- PROVIDED DATA -

★ ★ ★ ★ ★

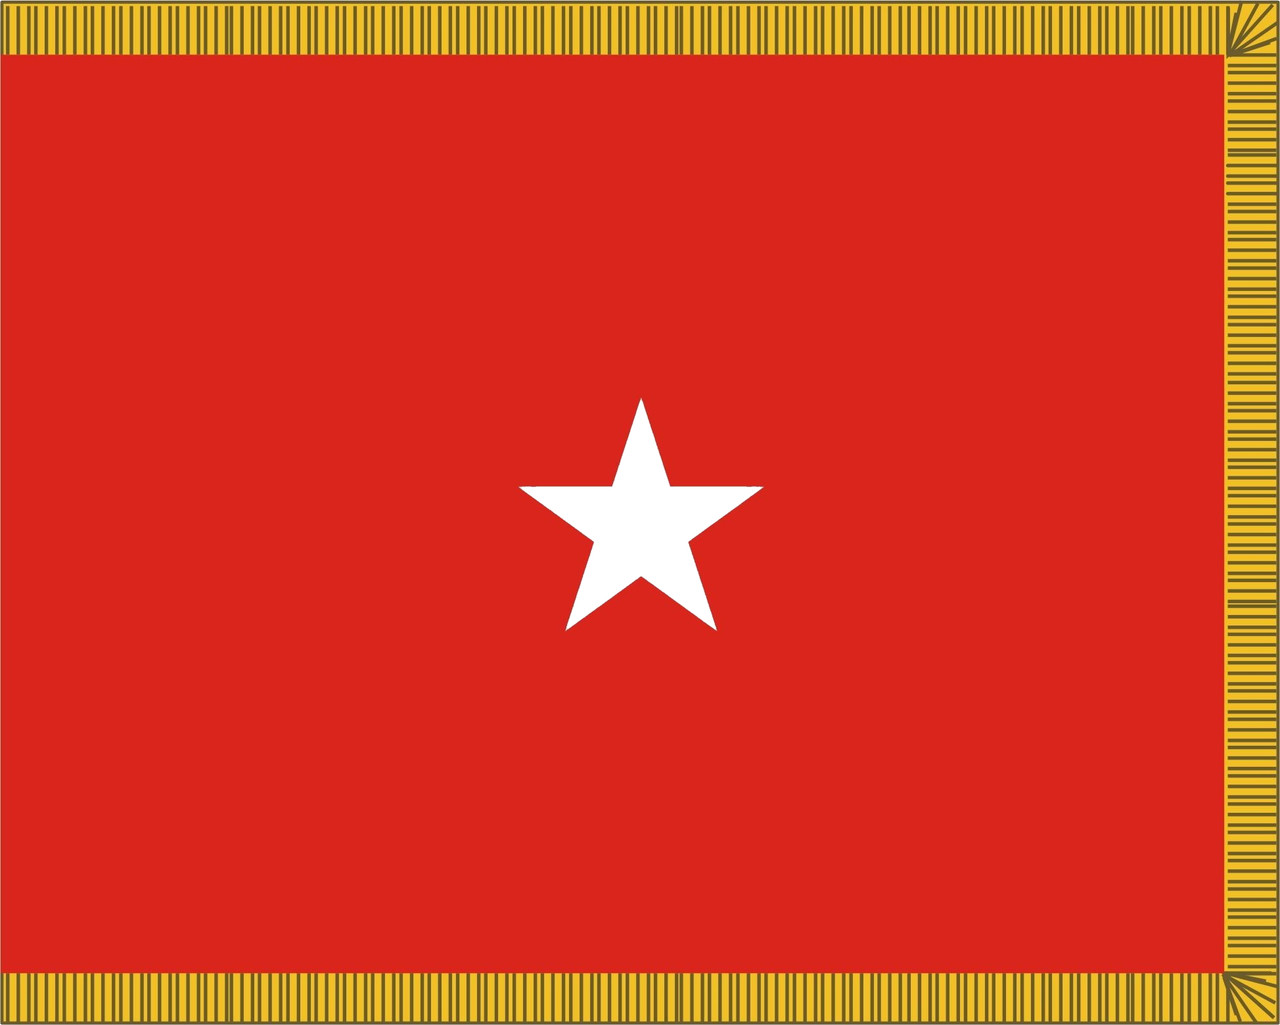 US Army Brigadier General Flag, 1 Star Nylon Applique with Pole Hem and Gold Fringe, Size 4'4" x 5'6", GAR1104054
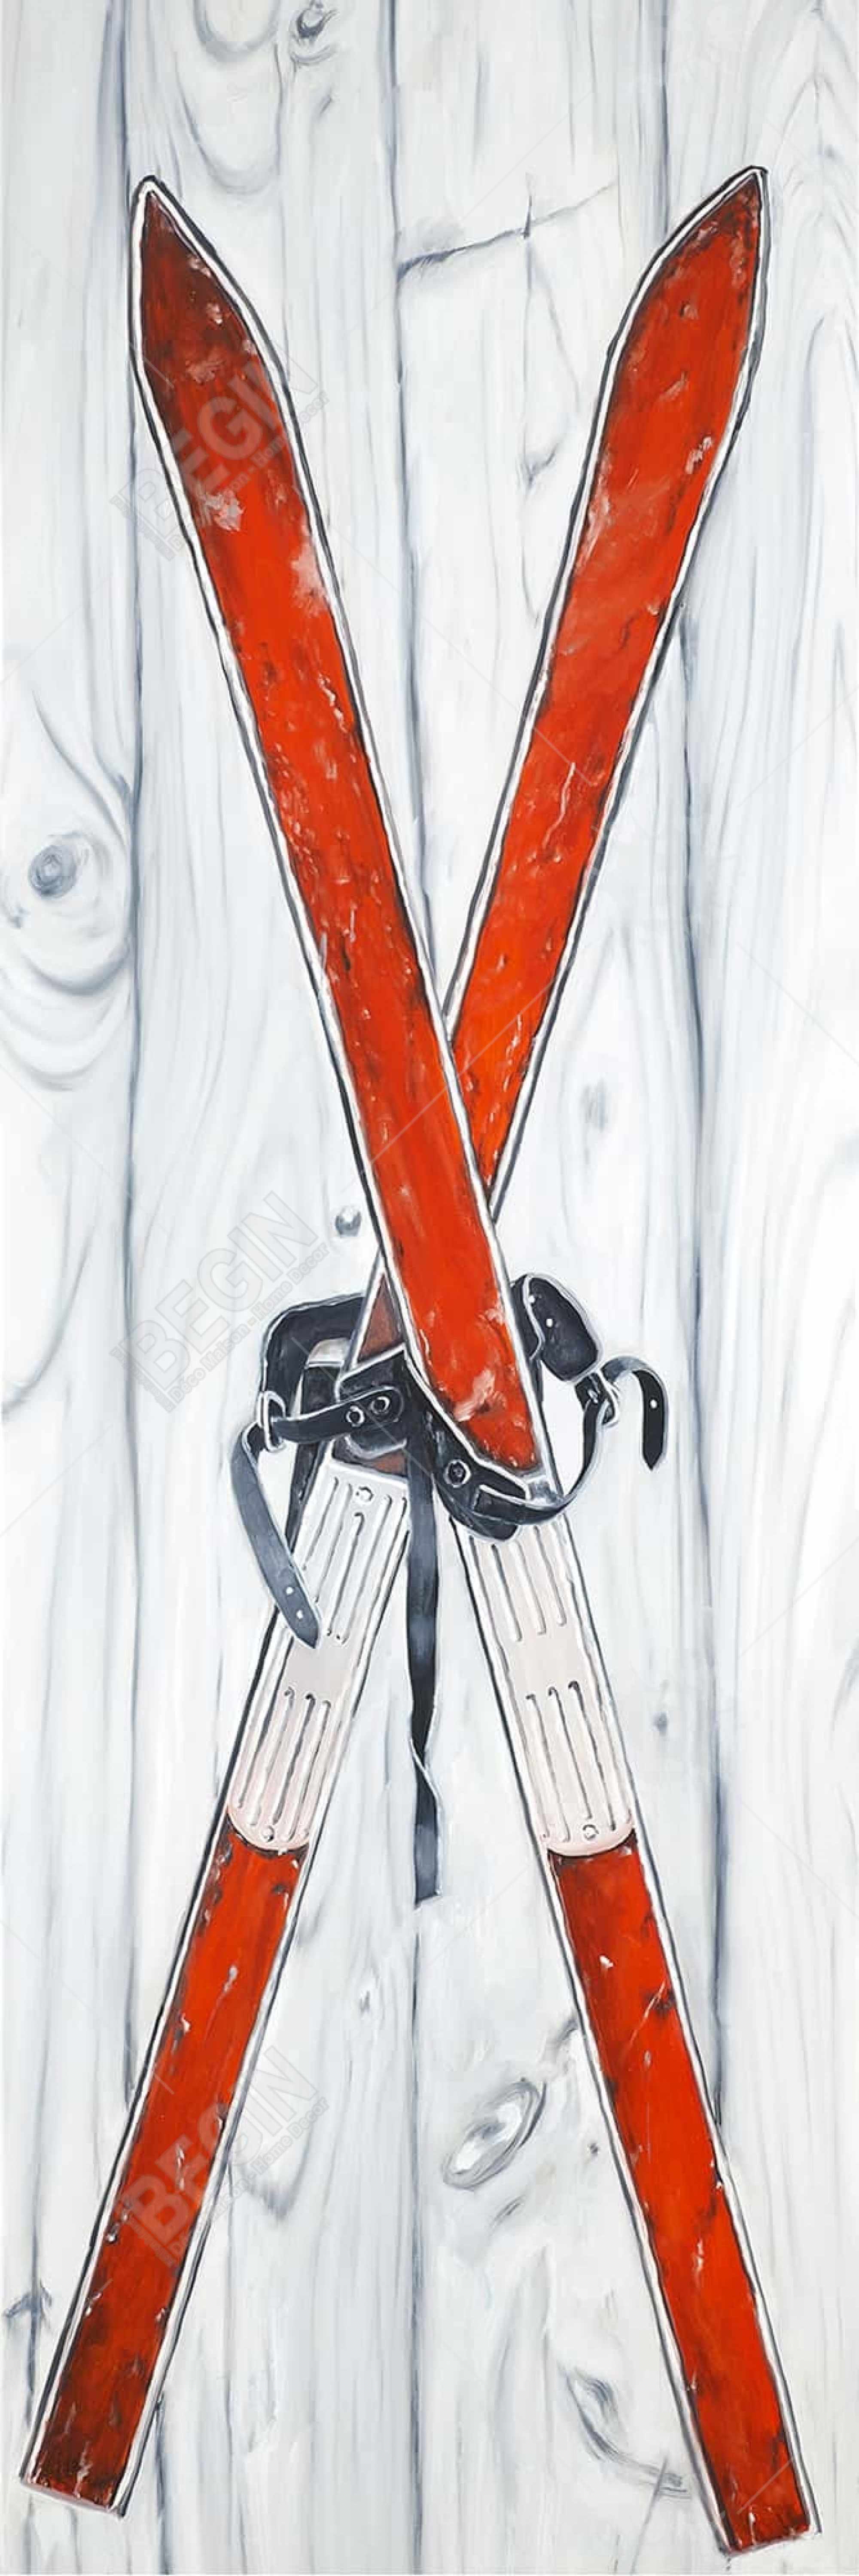 Skis rouges vintage
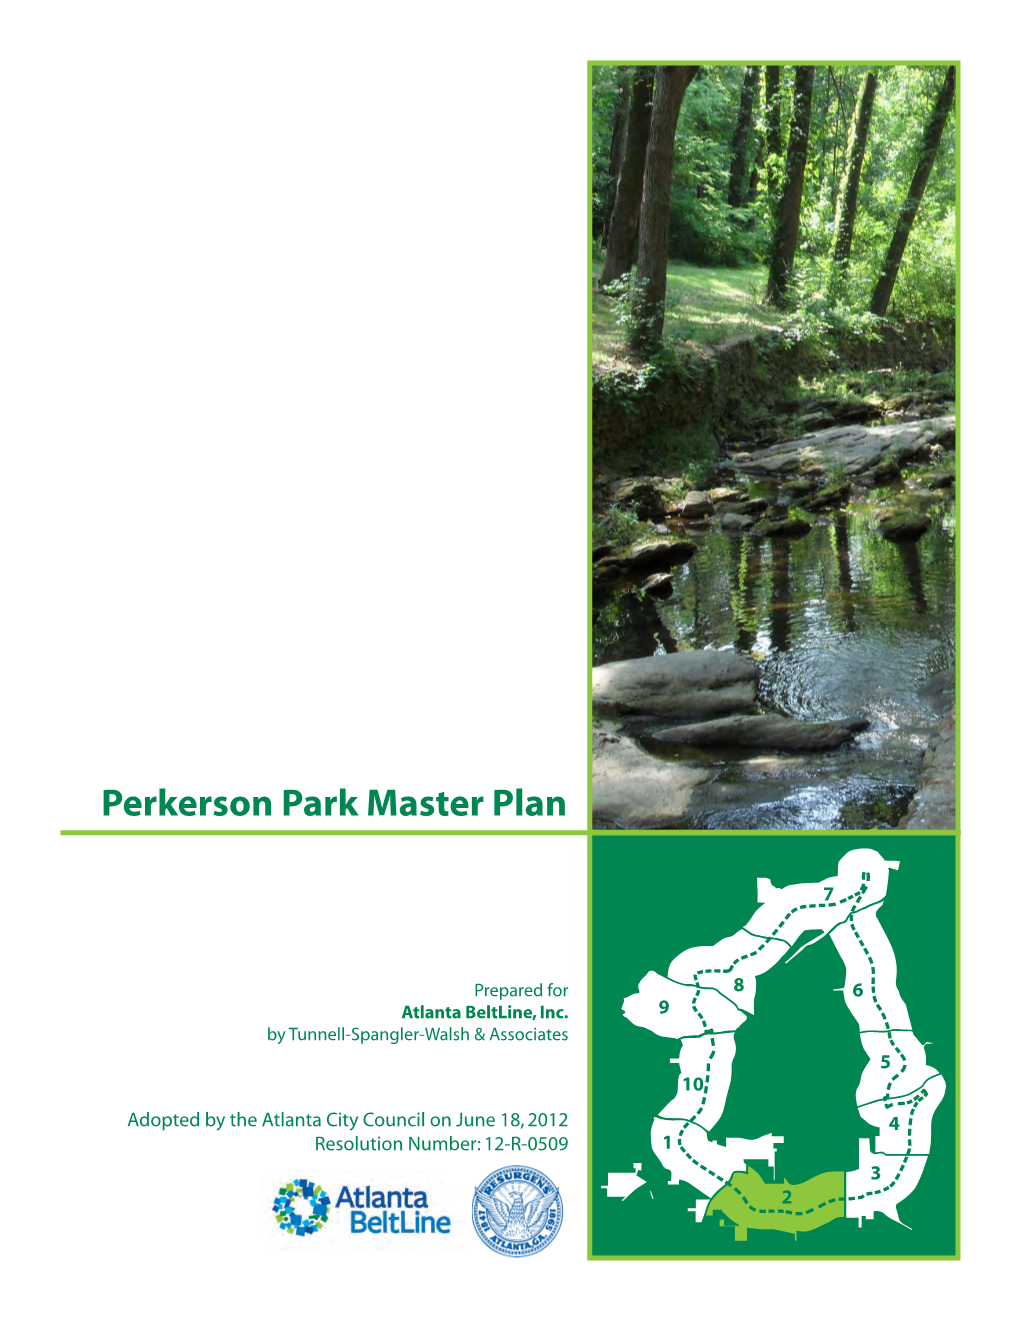 Perkerson Park Master Plan

★ ★ ★ ★ ★

- WORK REQUIRED -
Could you give all of the data again exactly as written, omitting any pictures?

- ANSWER TO THIS TASK -
 US Army Brigadier General Flag, 1 Star Nylon Applique with Pole Hem and Gold Fringe, Size 4'4" x 5'6", GAR1104054
 Skis rouges vintage
 Perkerson Park Master Plan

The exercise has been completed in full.